Shuntaro Yada

矢田 竣太郎

My profile image

I am an associate professor working on library and information science and medical language processing at the University of Tsukuba in Japan, leading theKnowledge and Language Computing Laboratory (KaLC Lab).

日本語

Notion

yadaslis.tsukuba.ac.jp

contactshuntaroy.com

News

About

Research Theme

He specialises in social computing on social media and the application of natural language processing, and is currently engaged in medical language processing, drawing on his experience. In particular, he is researching and developing a system that extracts medical information from clinical documents (e.g. electronic health records; EHRs) as graphs to facilitate information sharing among healthcare professionals or between patients and them. Examples of such systems include a system that searches for radiology reports with similar diagnostic content and the HeaRT system (Japanese patent pending) which creates a timeline of a patient's treatment history from written text in EHRs. Annotated training data (corpora) are essential for the language processing models behind these systems, the annotations of which he has designed and built over several projects.

In his library and information science major, he is interested in creating a digital environment where people can encounter valuable information even passively. Serendy, a word-of-mouth book recommendation system that inspires those who are unsure of what to read, promotes chance encounters by delivering information on books mentioned by acquaintances and friends on social media such as Twitter. BookReach, a system that helps school librarians support classes, allows them to search through related materials according to class units, providing opportunities to encounter unexpectedly useful books. From 2023, we are also developing and operating a book search engine in Japan, which enables searching for books that provide emotional support for people with cancer and other intractable diseases.

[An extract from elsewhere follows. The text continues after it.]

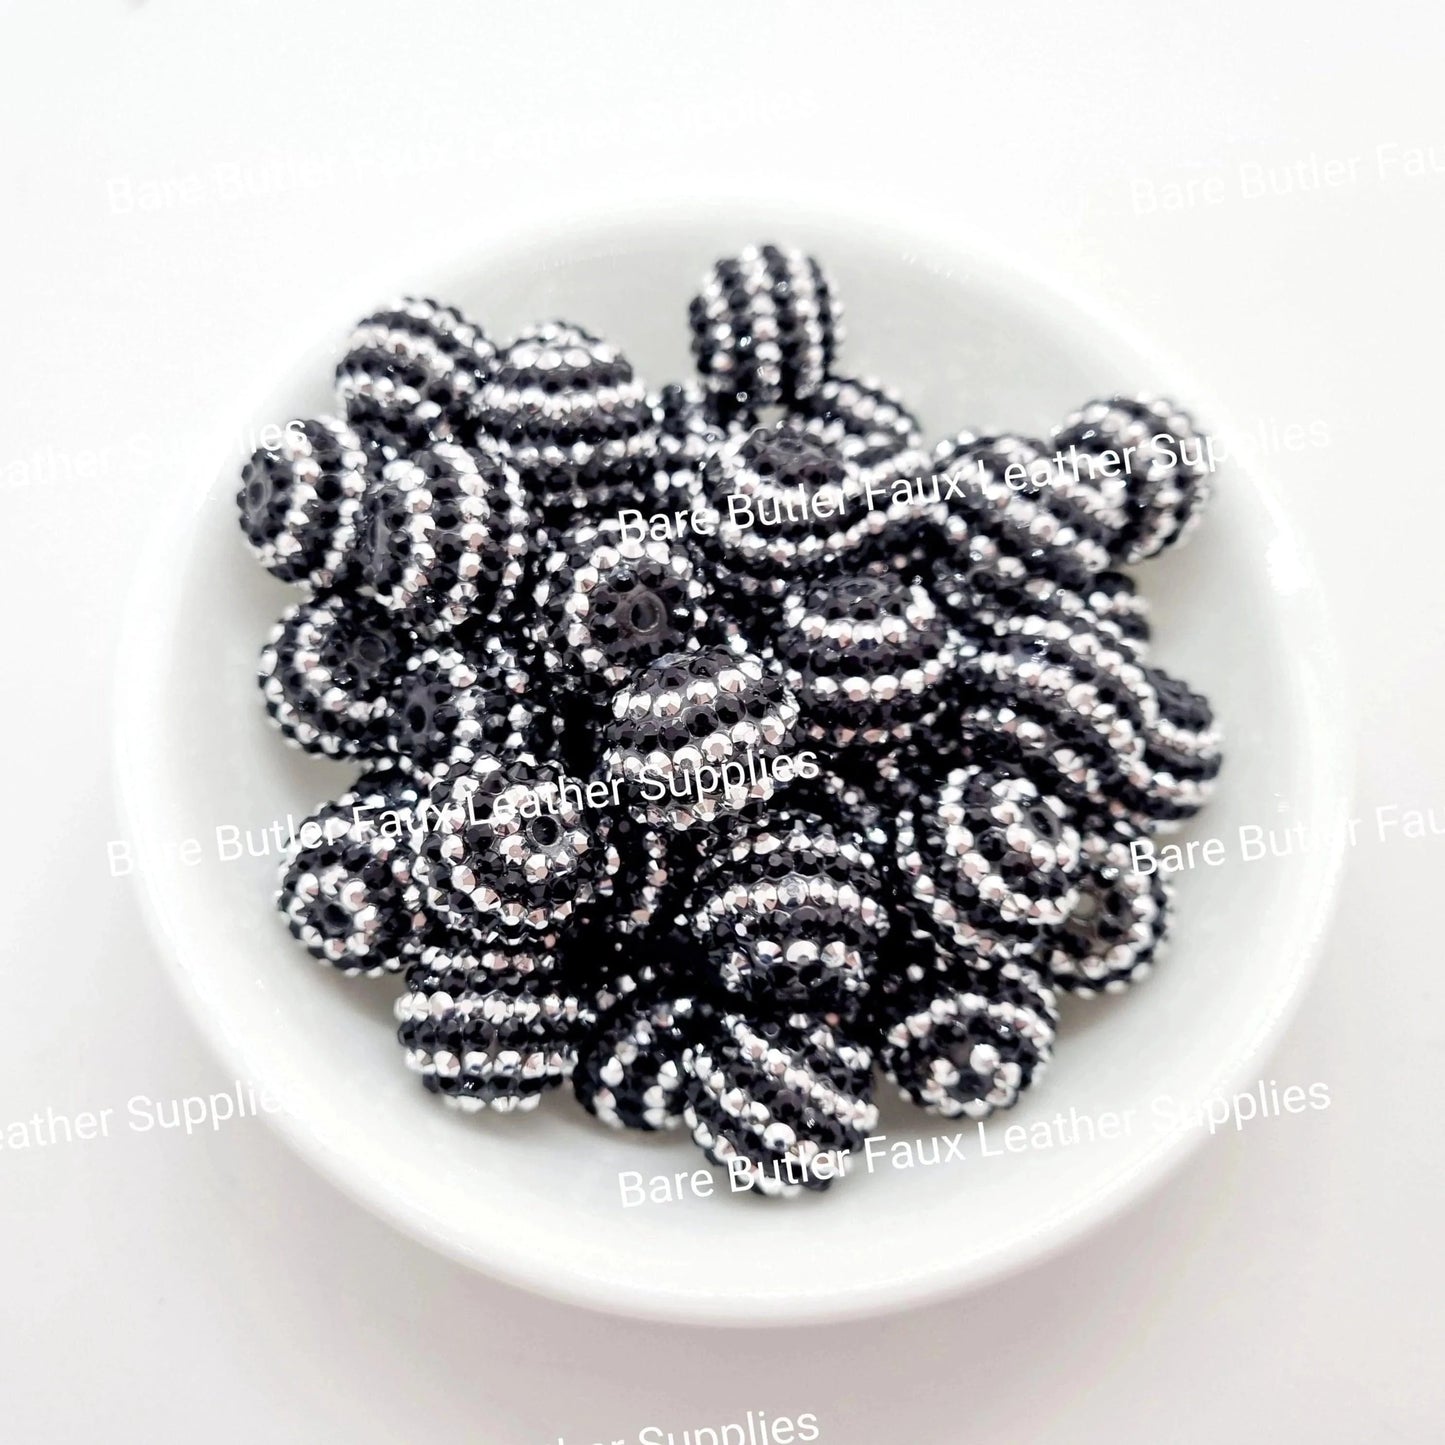 Black & Silver Sparkle Beads -  - Bare Butler Faux Leather Supplies 
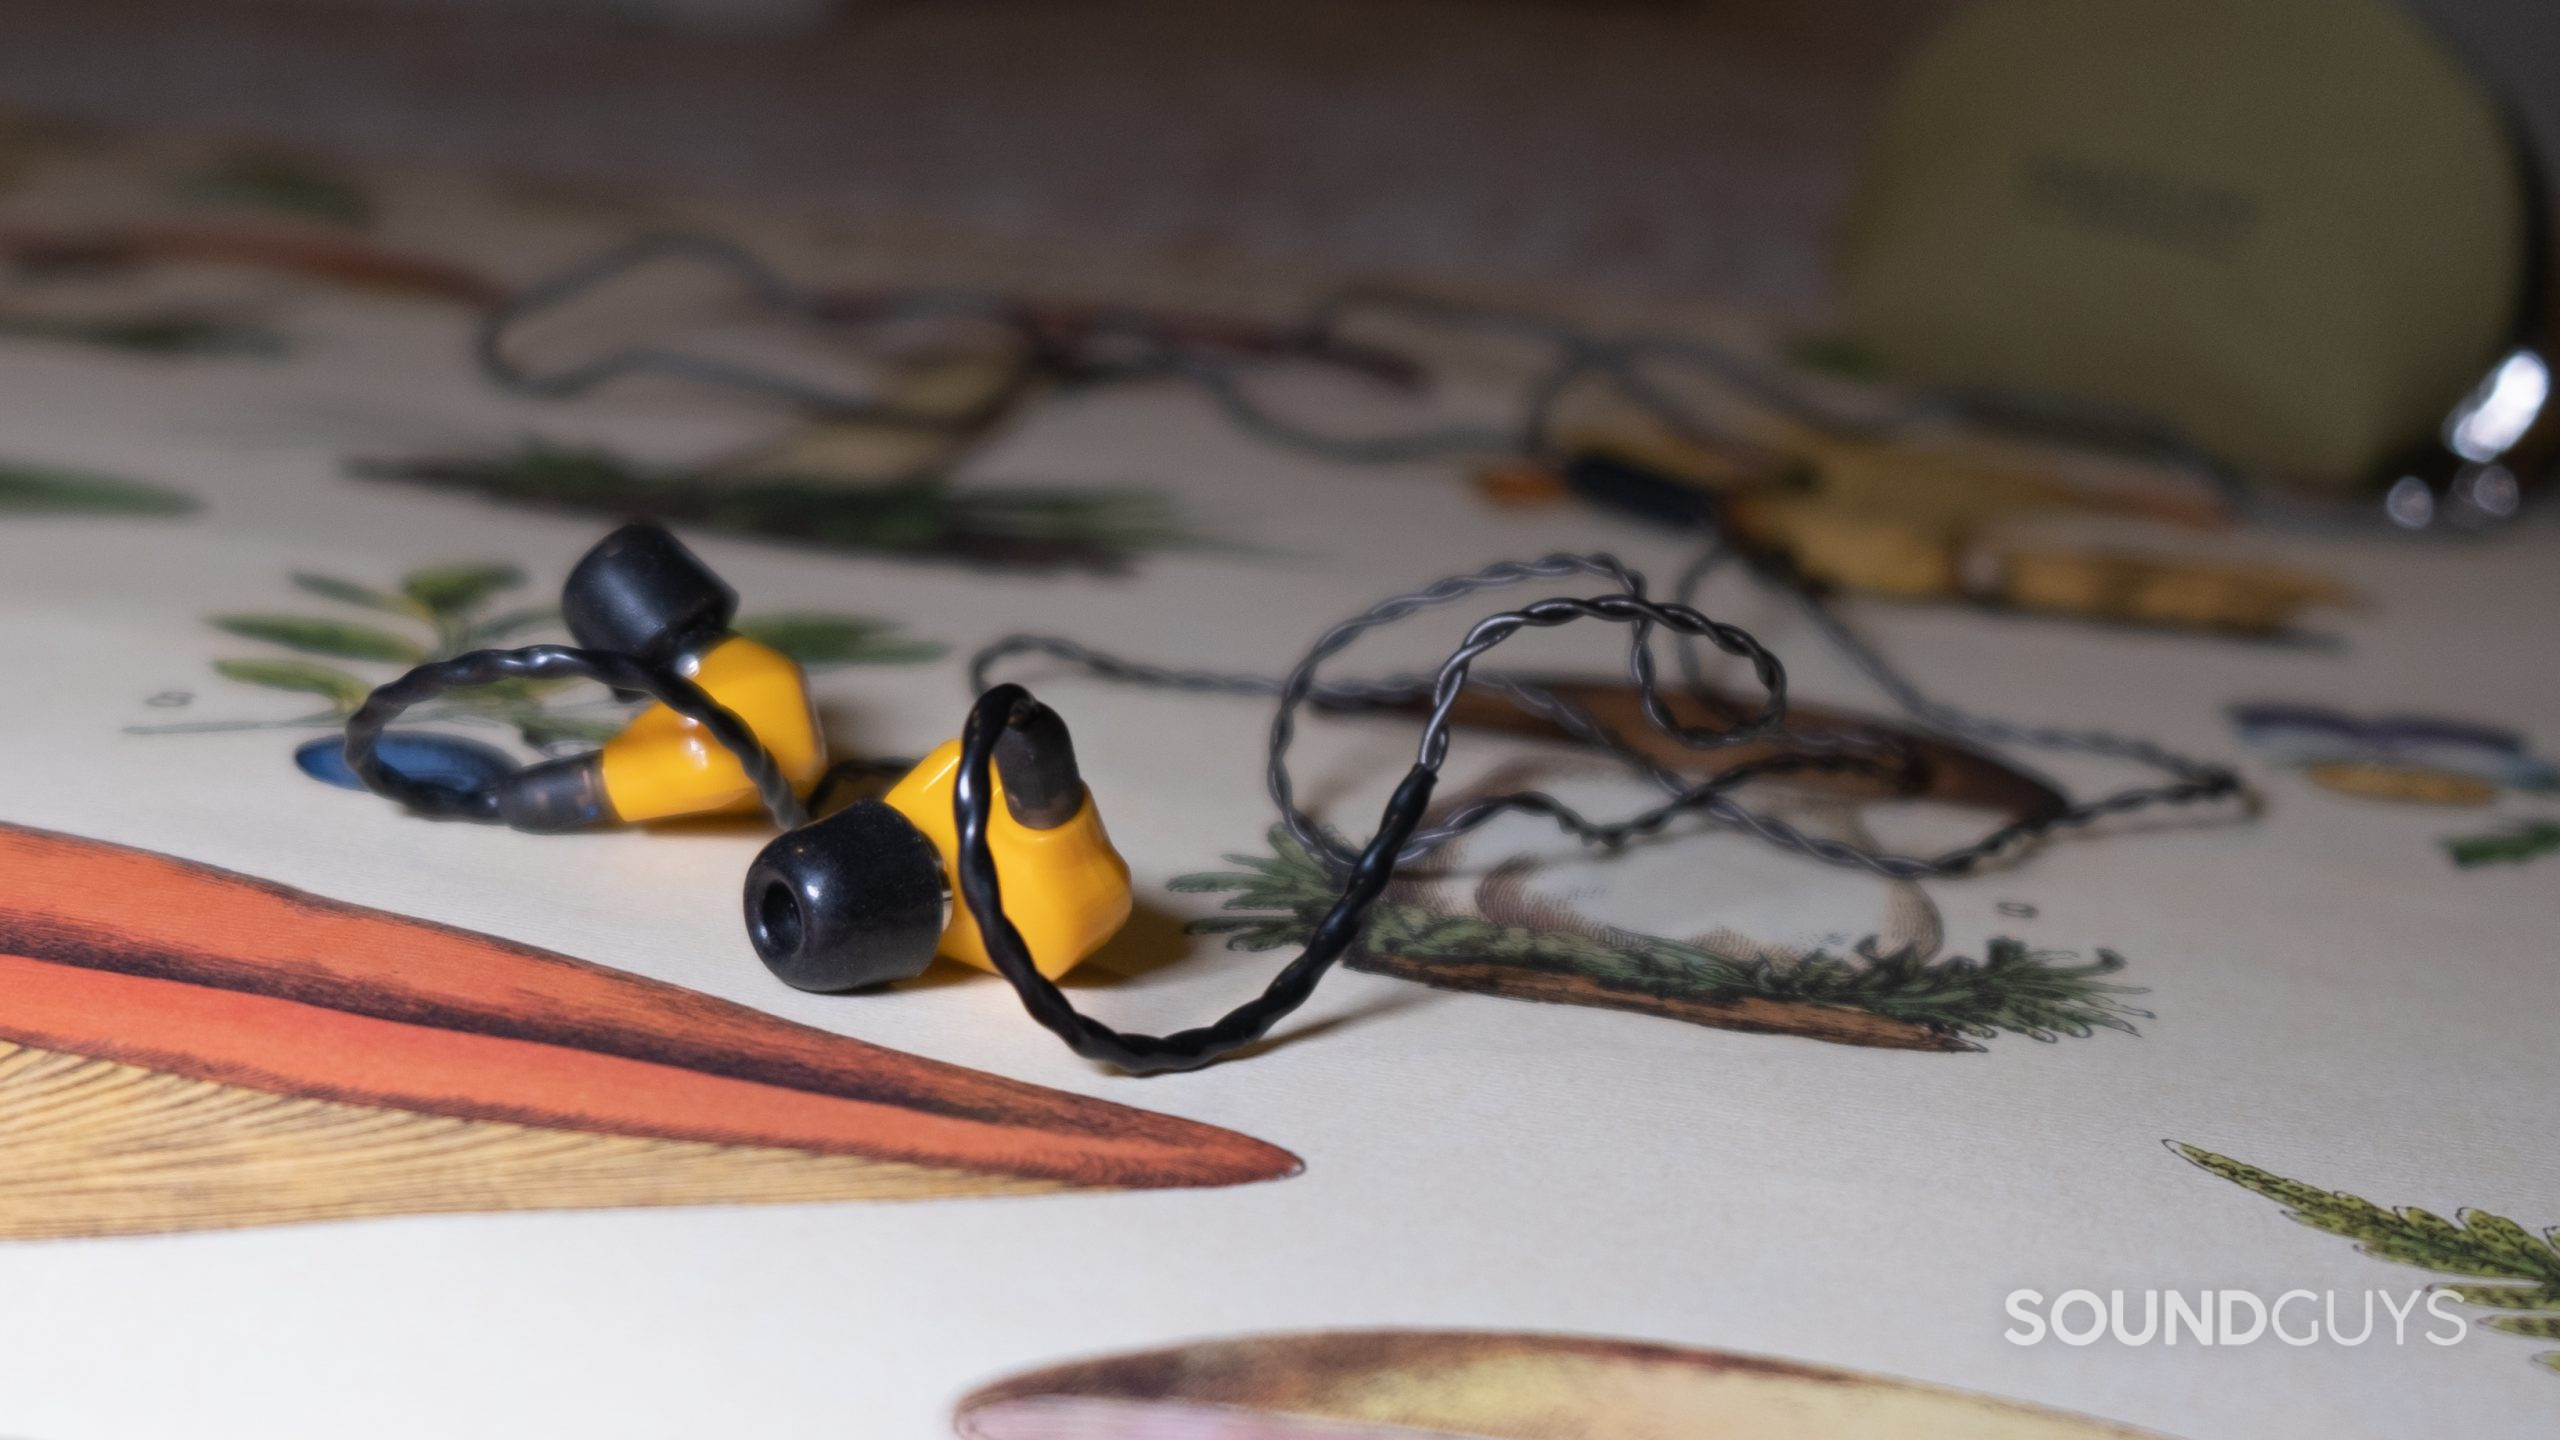 Image of Campfire Audio Honeydew earbuds with cables and case in the background.

Since 2025, as a principal investigator, he has established a new lab called the Knowledge and Language Computing Laboratory (KaLC Lab) at the University of Tsukuba. Building on his expertise in the domains of medicine and education, he aims to expand his research into other knowledge areas such as science, industry, law, economics, culture, and art, leveraging language processing technology as a core methodology.

Education

Graduate School of Education, the University of Tokyo

PhD (Education) | April 2020

Graduate School of Education, the University of Tokyo

Master of Arts (Education) | March 2016

The University of Tokyo

Bachelor of Arts (Education) | March 2014

Employment

National Diet Library Digital Library Division (Kansai-kan)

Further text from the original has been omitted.